Compared with the prior art, the invention has the following beneficial technical effects:
the invention discloses an arc extinguishing chamber, which is only provided with an axial thermal expansion chamber, a functional piece is arranged in the radial direction, an annular channel is arranged on the functional piece, radial arc energy can enter the thermal expansion chamber through the annular channel, the axial arc energy directly enters the thermal expansion chamber through the axial direction, and structures entering the thermal expansion chamber are arranged on all possible flows of the arc, so that most of the arc energy is utilized; the air pressure cylinder is also connected to one side of the thermal expansion chamber, when the small current is cut off, the energy of the electric arc is insufficient to enable the thermal expansion chamber to build enough pressure, the air pressure cylinder is needed to assist in building the pressure, and when the air pressure in the air pressure cylinder is higher than the air pressure in the thermal expansion chamber, the second one-way valve is opened to allow the air in the air pressure cylinder to enter the thermal expansion chamber; the second one-way valve is closed when the air pressure in the thermal expansion chamber is higher than the air pressure in the air cylinder. Meanwhile, the invention has only one thermal expansion chamber and only one arc blowing channel, does not generate turbulent flow during arc blowing, has higher efficiency and simpler structure.

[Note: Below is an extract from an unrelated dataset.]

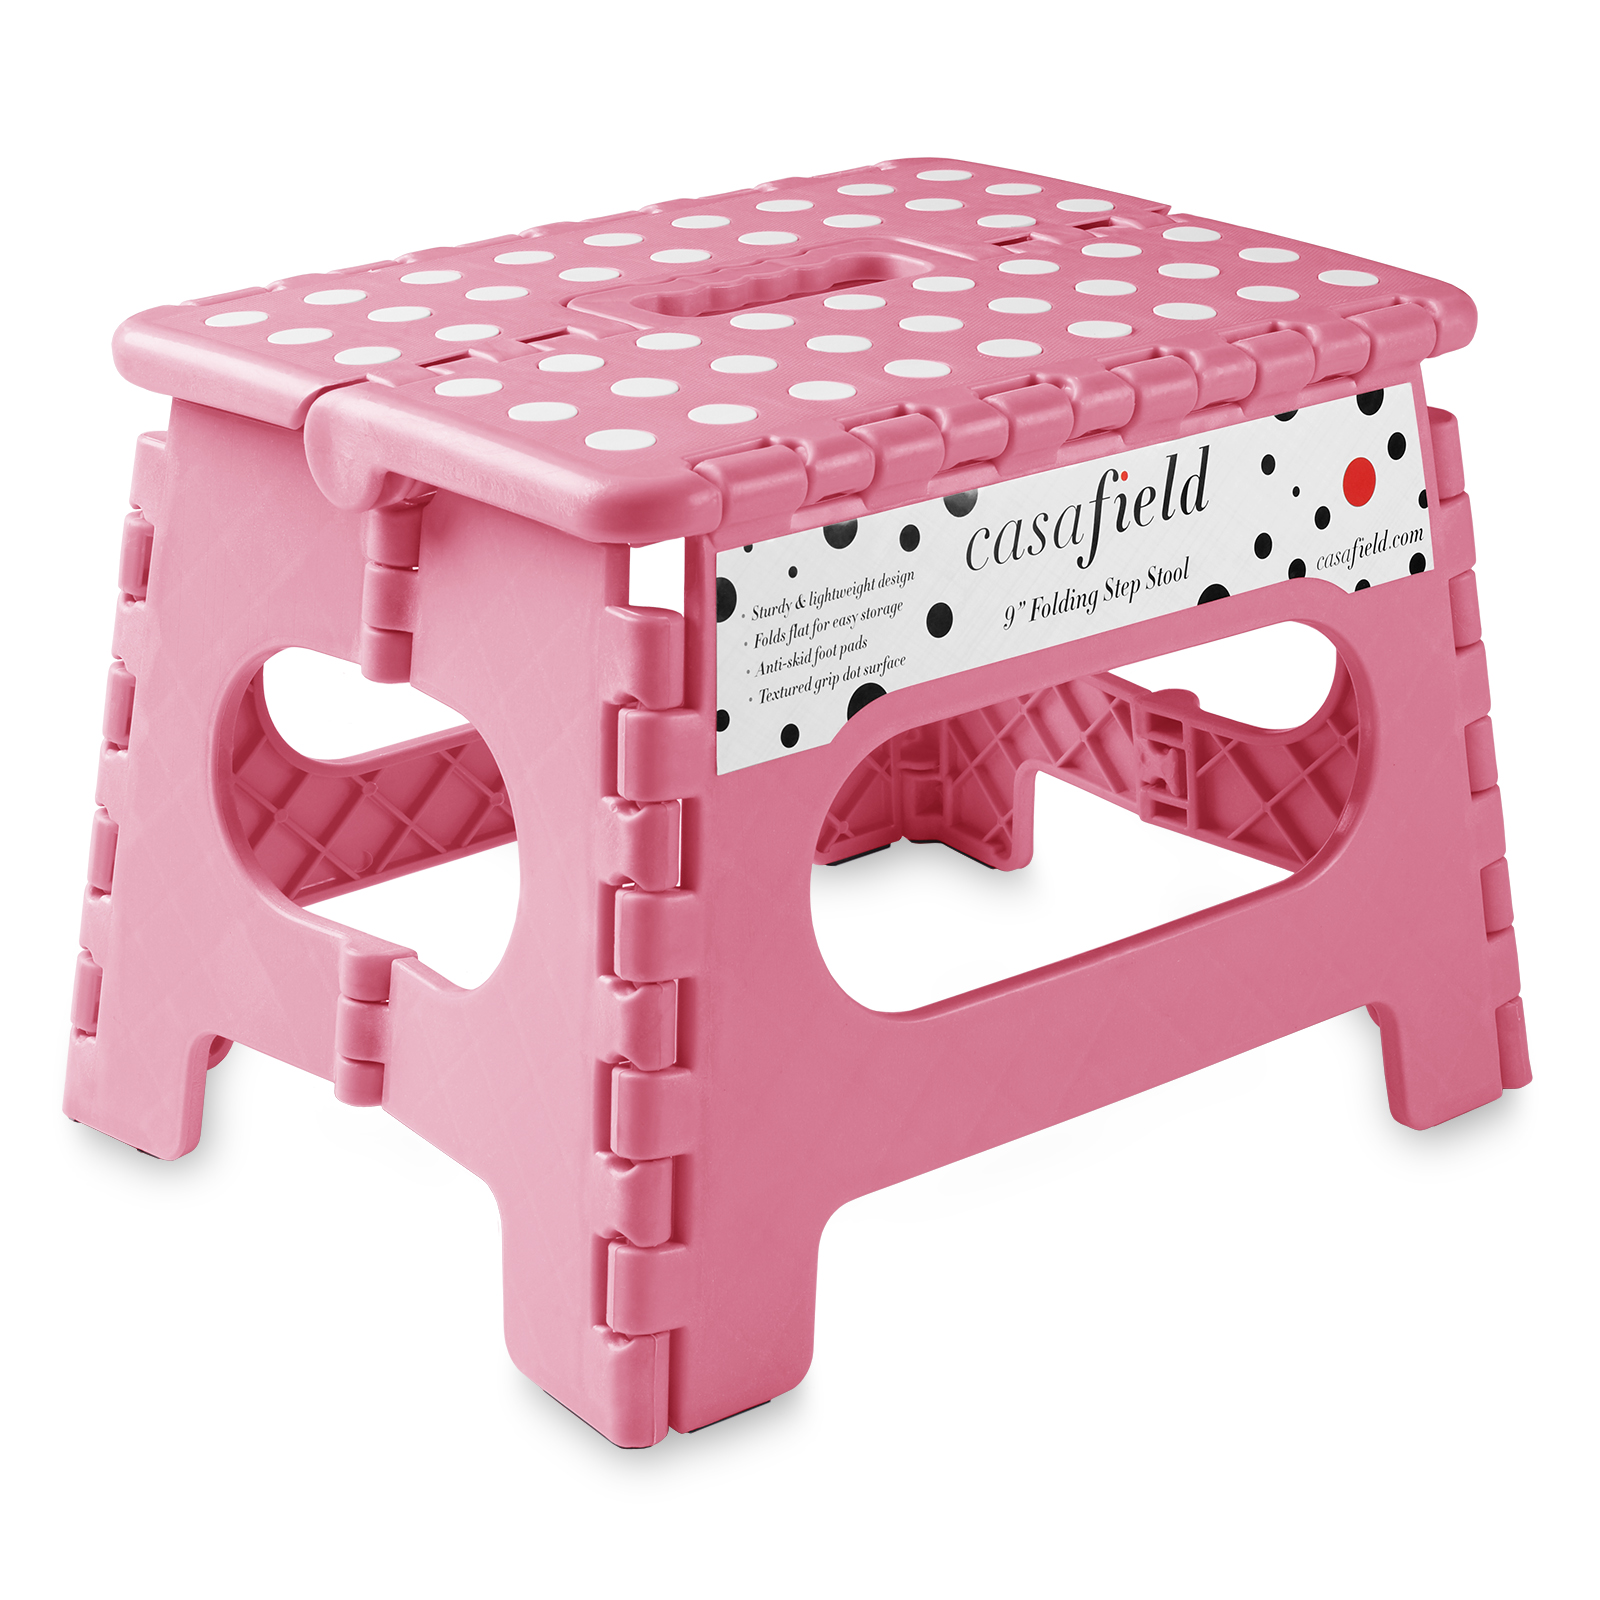 22cm Pink Step Stool SL0404 NEW MULTI PURPOSE FOLDABLE PLASTIC STEP STOOL 39 32 27 22cm Black//White /& Pink

Further, the connection point of the pipe and the annular channel is as close to the inlet end as possible, because after the arc is extinguished, the pressure of the arc gap is reduced, and the portion of gas between the connection point of the pipe and the annular channel and the arc gap may flow back into the arc gap, thereby affecting the breaking performance. Thus reducing the volume between the connection point and the inlet end and minimizing the back flow of gas in the annular channel to the arc gap.
Drawings
Fig. 1 is a schematic structural view of an arc extinguishing chamber according to the present invention.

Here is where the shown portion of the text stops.